Arlene turned to me with a questioning expression. “How?”
“I, um, interviewed him twice and, uh, well, there was that bit in the end when he was found comatose in my car last night.”
Arlene burst out in a fresh round of tears.
Thanks, Mom.
Ern’s sister said, “I didn’t know you were her. Thanks for getting him to the hospital so fast.”
There was no way to respond to that. Any half-witted human would have gotten him to the hospital. “No problem,” I replied, wincing as I said it.
Arlene kept crying. This was the worst. I had to get out of here. I was breaking out into a full-body sweat. Possibly because the apartment was no cooler than a hot sauna in an Arizona desert in July.
Finally, Mama said, “Does anyone watch
Survivor
? I love that show. Except for the nights when they eat bugs. It’s the slugs that make me wanna barf.”
That was when I decided I couldn’t take another second.

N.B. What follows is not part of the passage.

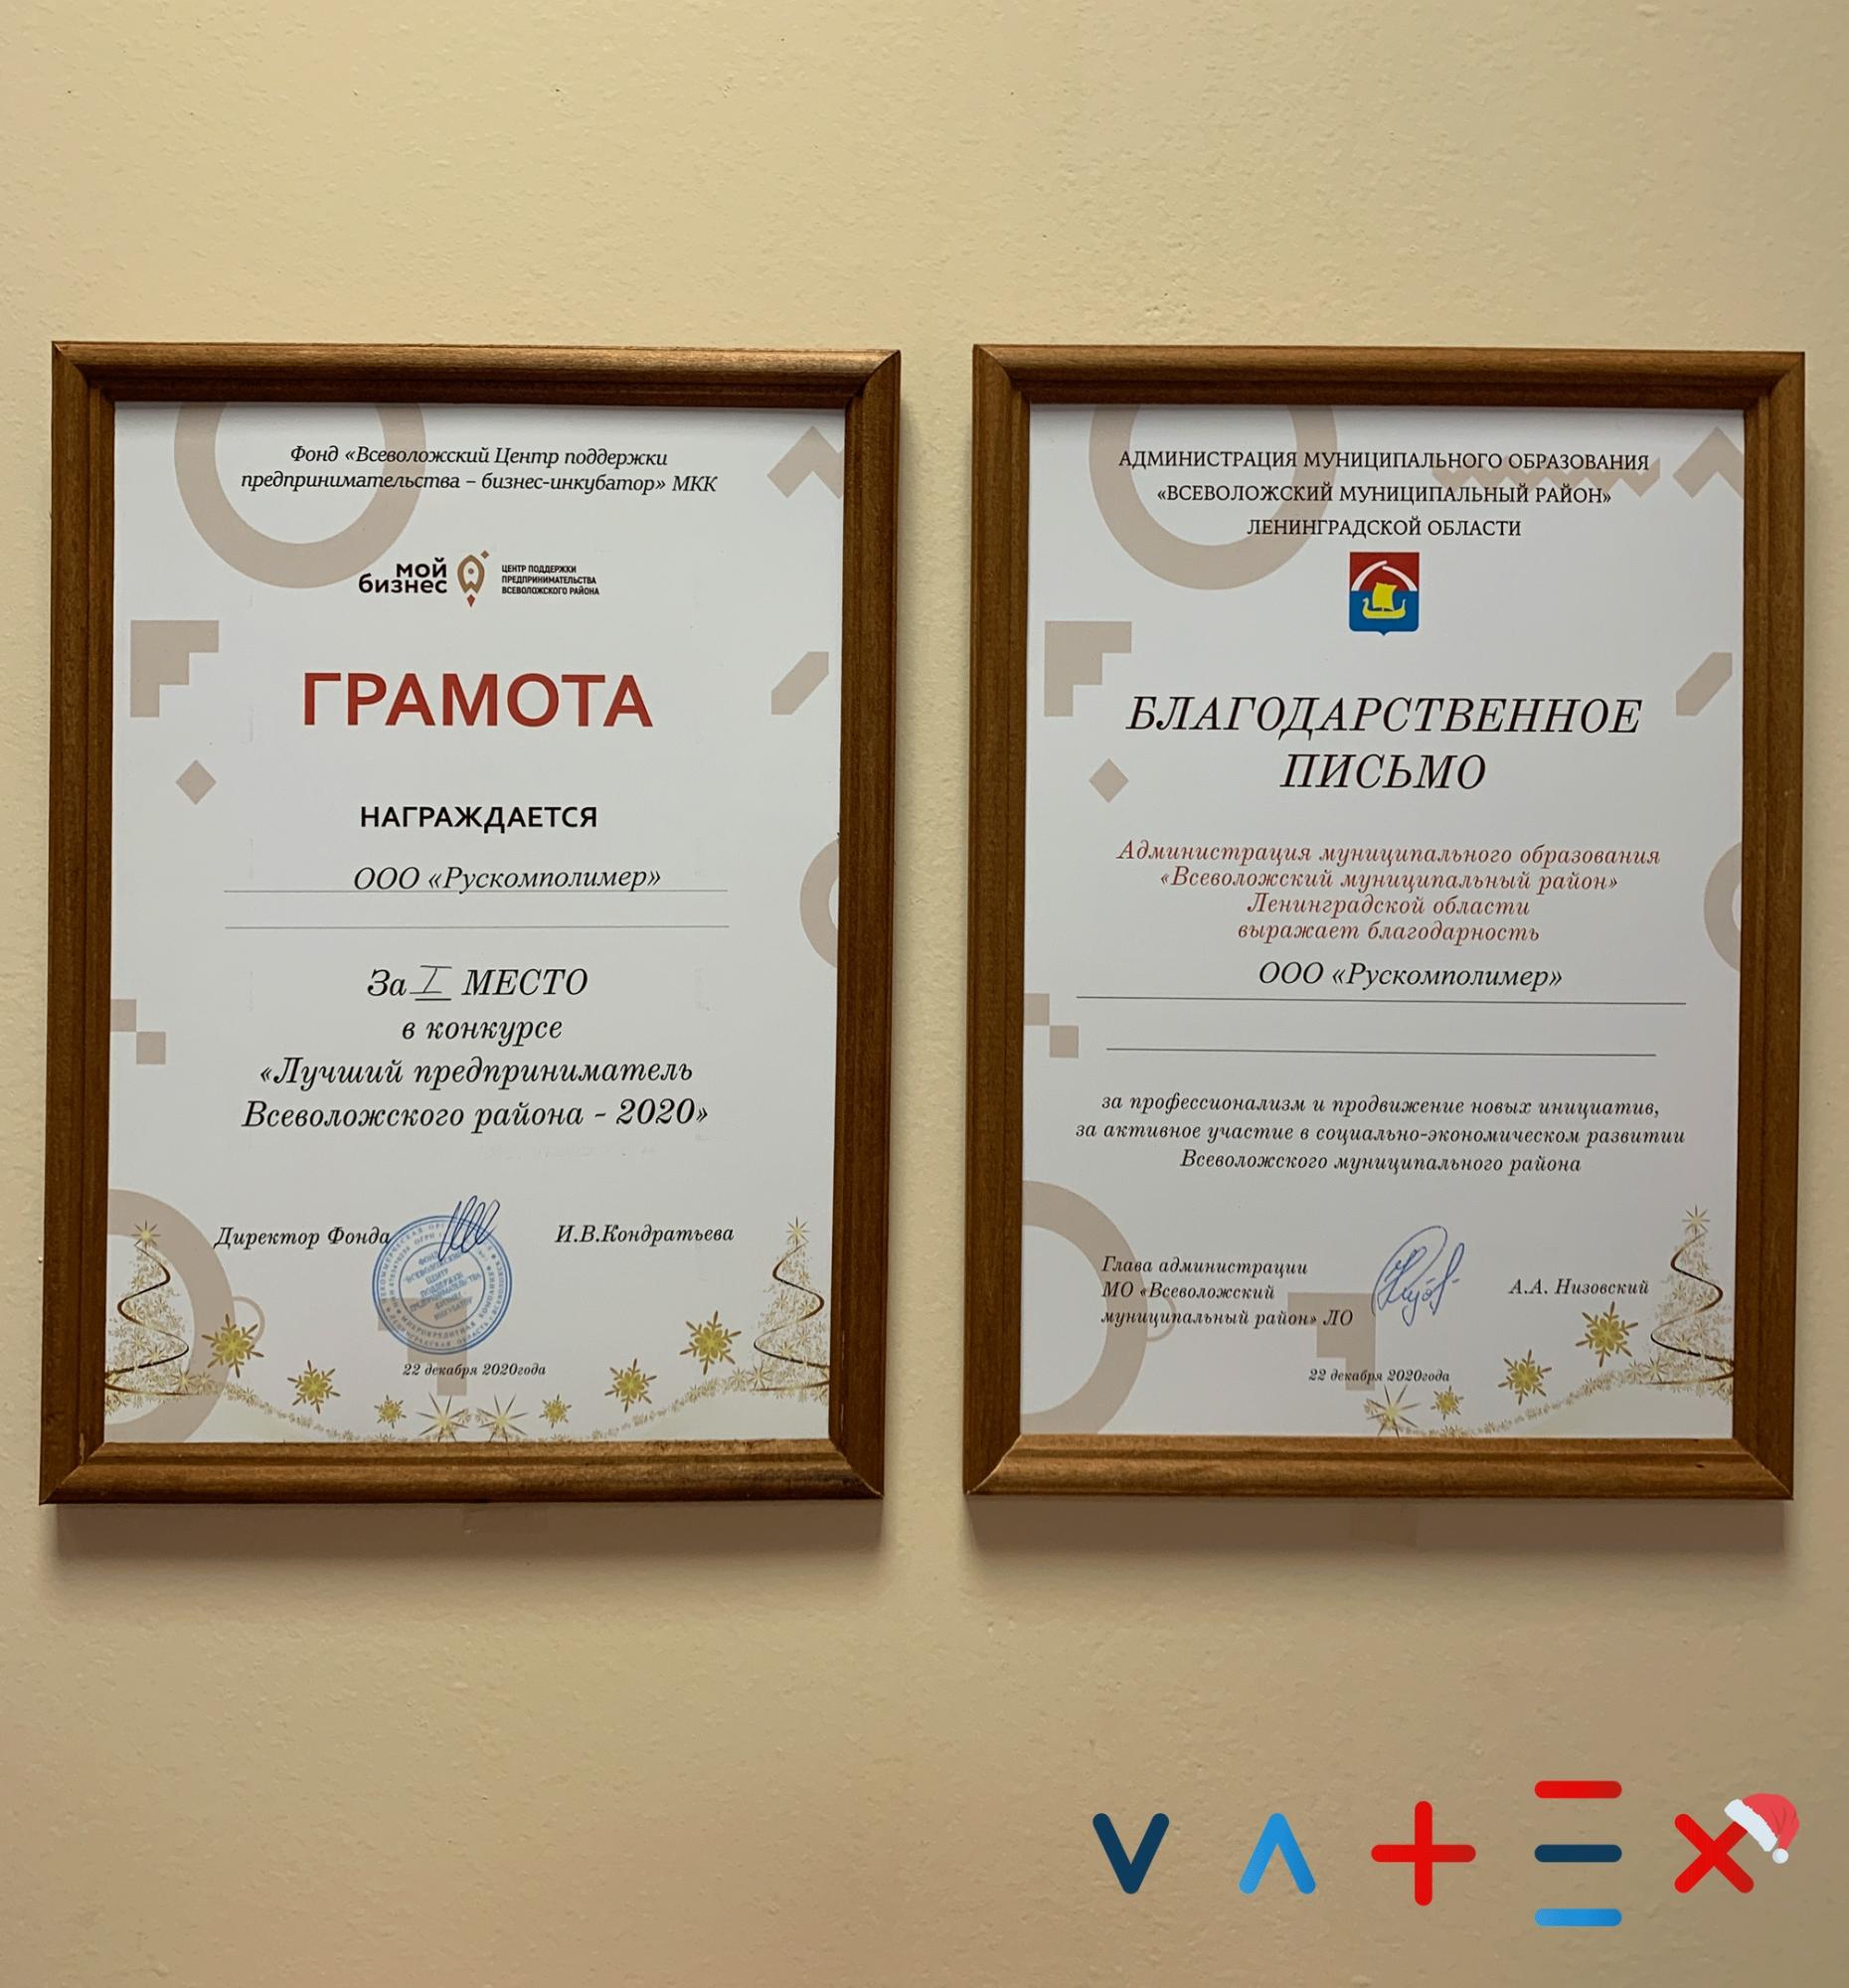 Производственная компания VATEX заняла 1 место в конкурсе "Лучший предприниматель Всеволожского района-2020"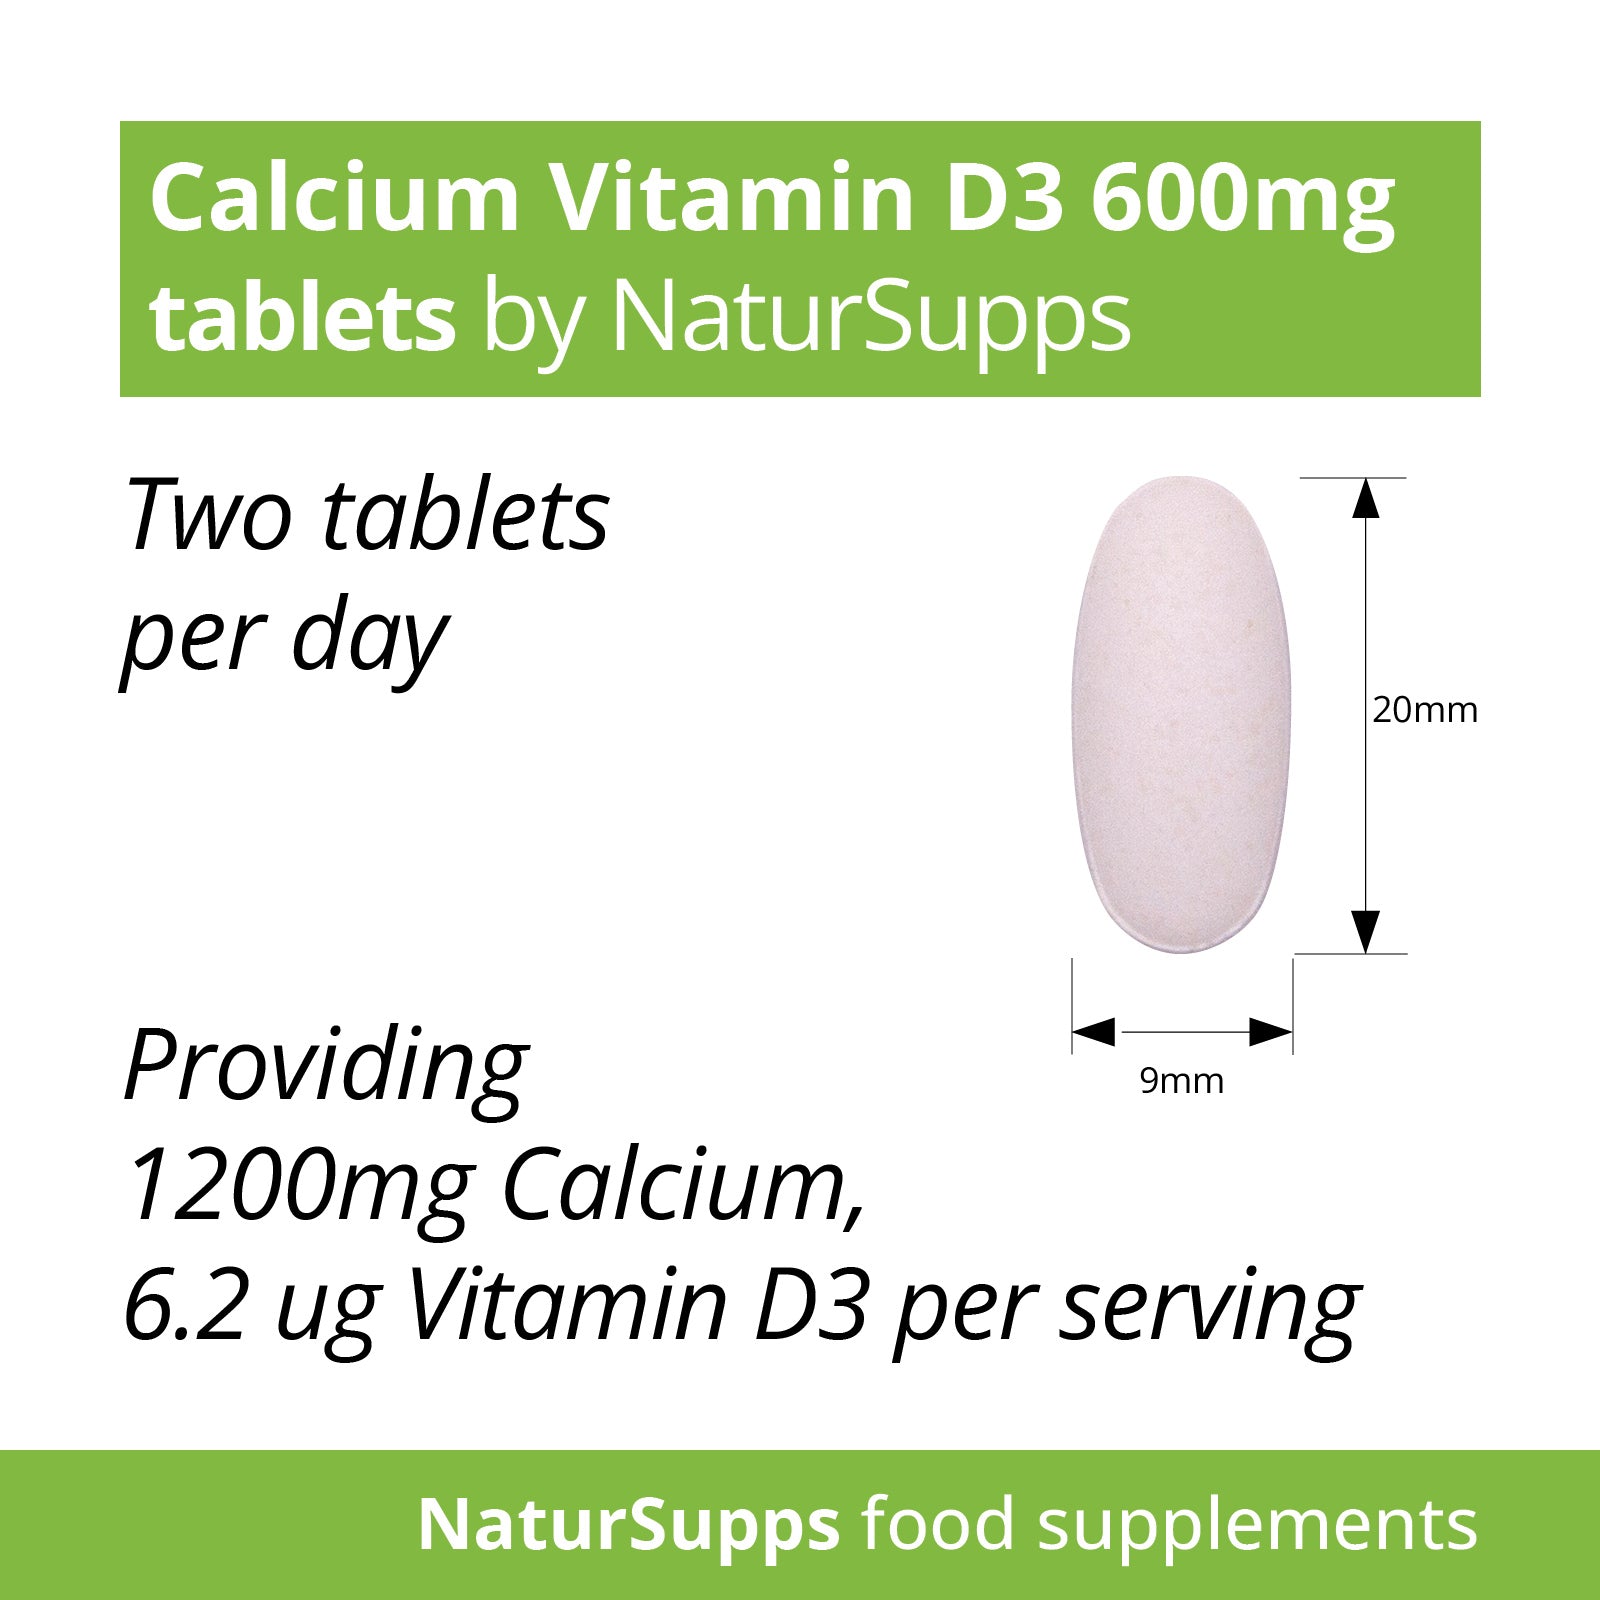 Calcium 600mg & Vitamin D3

I got up and felt the woman in the veil following me with her eyes. Then there was Arlene acting expectant. I knew I was supposed to say something good about Ern, but all I could think of was to tell Arlene that he made a “terrific Santa Claus.”
“What?” she asked in a pained voice.
“Selling Christmas trees,” I explained, confused as to why this compliment had prompted Arlene to sob even more. “Dressed up as Santa Claus on the corner of Union. He made a great Santa Claus.”